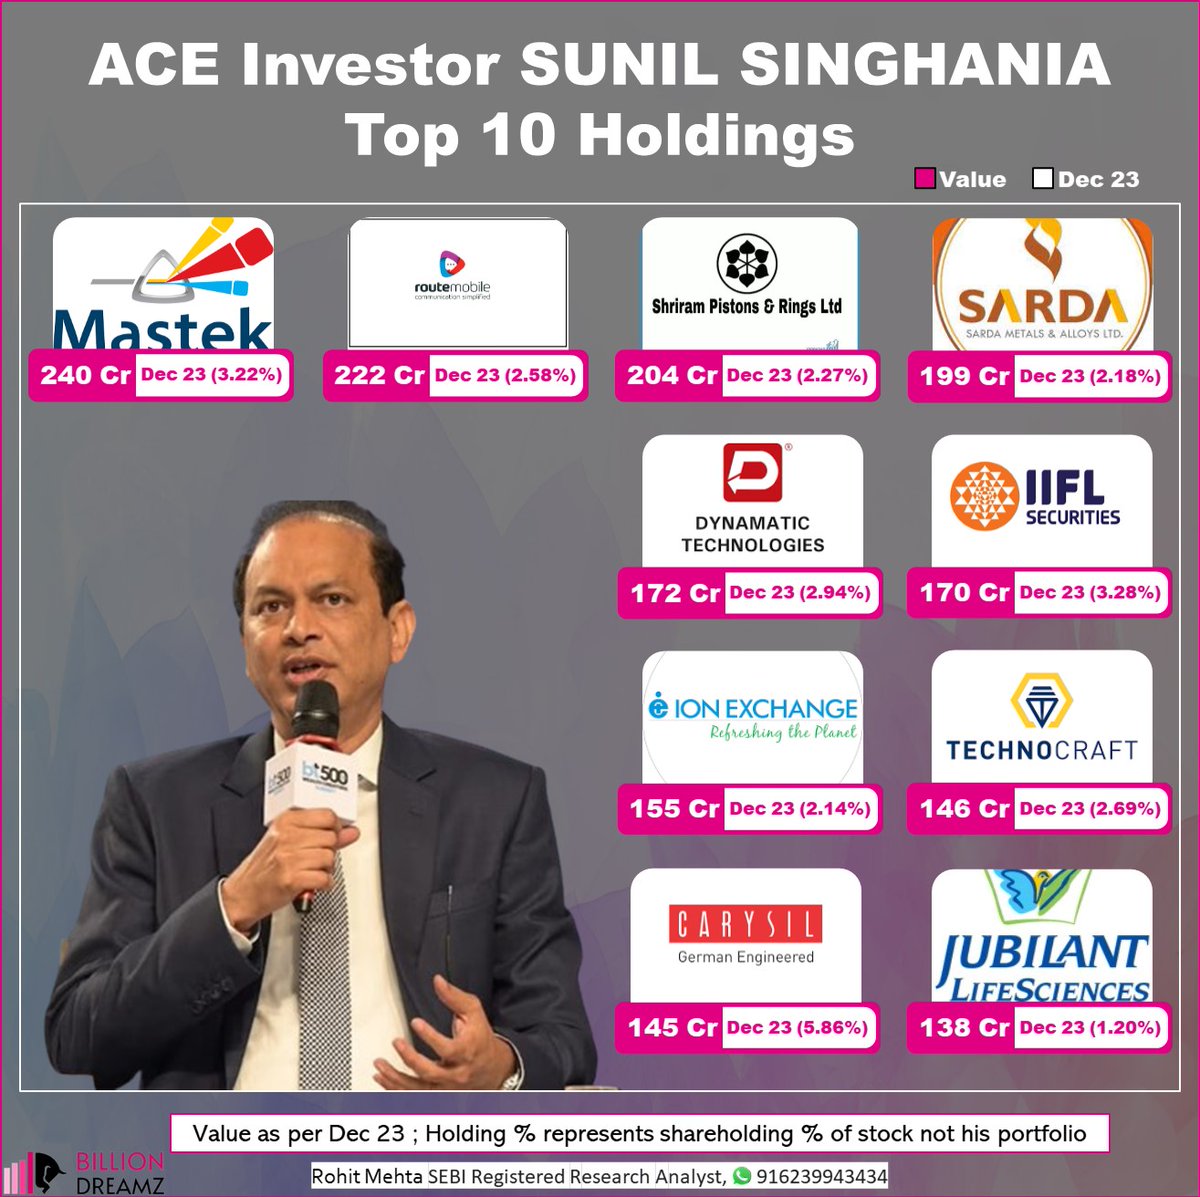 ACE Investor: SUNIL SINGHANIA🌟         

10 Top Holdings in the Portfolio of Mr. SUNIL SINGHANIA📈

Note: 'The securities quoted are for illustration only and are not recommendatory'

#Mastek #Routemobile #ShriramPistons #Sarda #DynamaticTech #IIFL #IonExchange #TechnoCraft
---
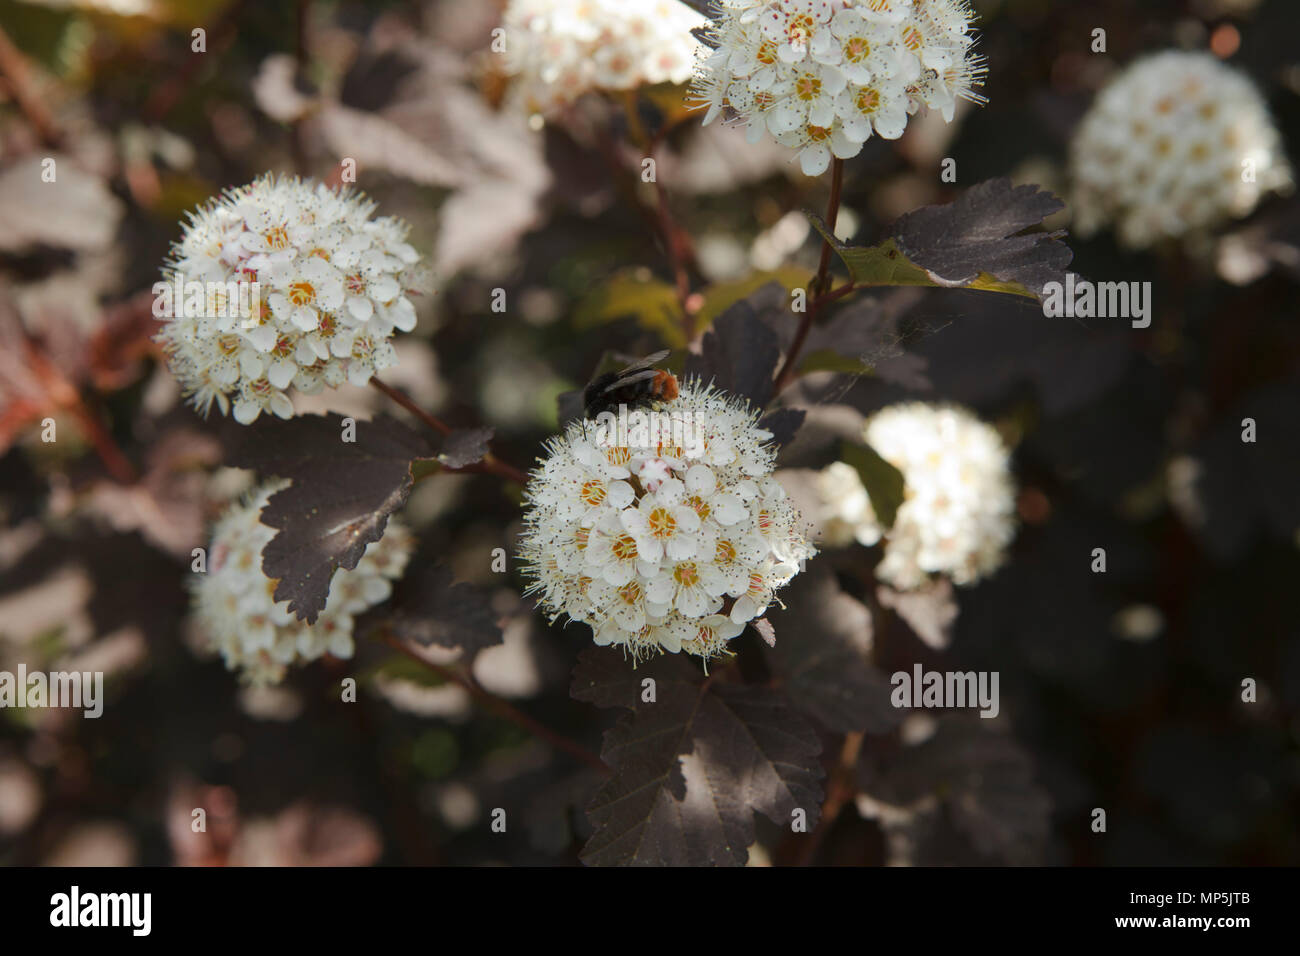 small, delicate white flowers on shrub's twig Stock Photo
--
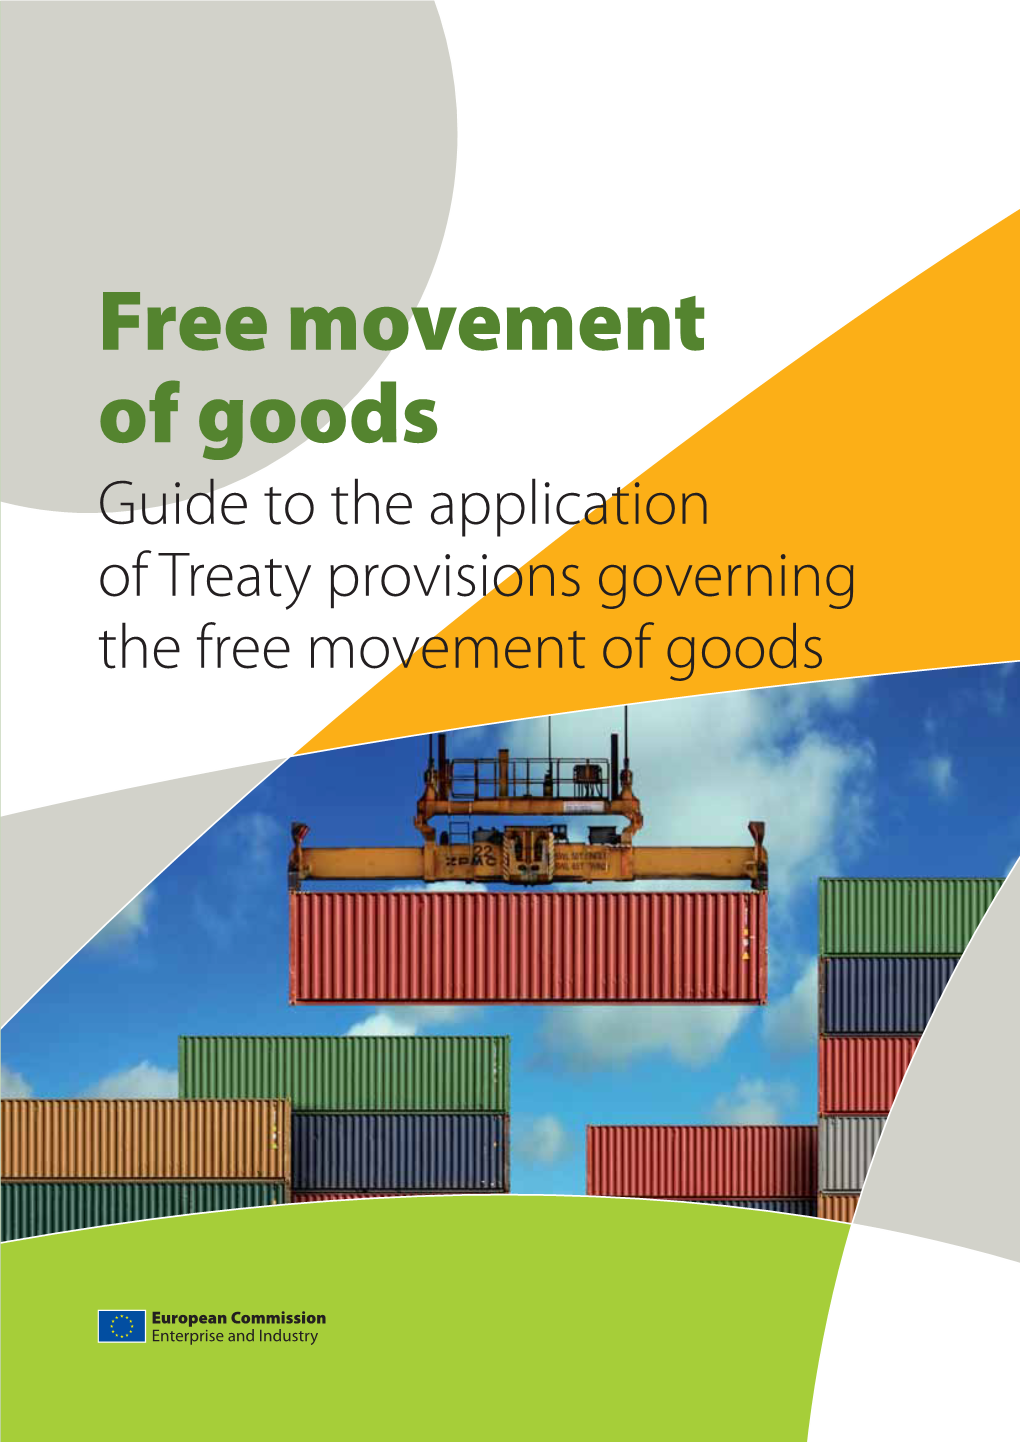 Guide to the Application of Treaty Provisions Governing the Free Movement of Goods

What you are asked to do. Output exactly the lines of the material above from the one containing "10 Top Holdings" up to and including the one containing "#Mastek #Routemobile #ShriramPistons".

Solution for this task.
10 Top Holdings in the Portfolio of Mr. SUNIL SINGHANIA📈

Note: 'The securities quoted are for illustration only and are not recommendatory'

#Mastek #Routemobile #ShriramPistons #Sarda #DynamaticTech #IIFL #IonExchange #TechnoCraft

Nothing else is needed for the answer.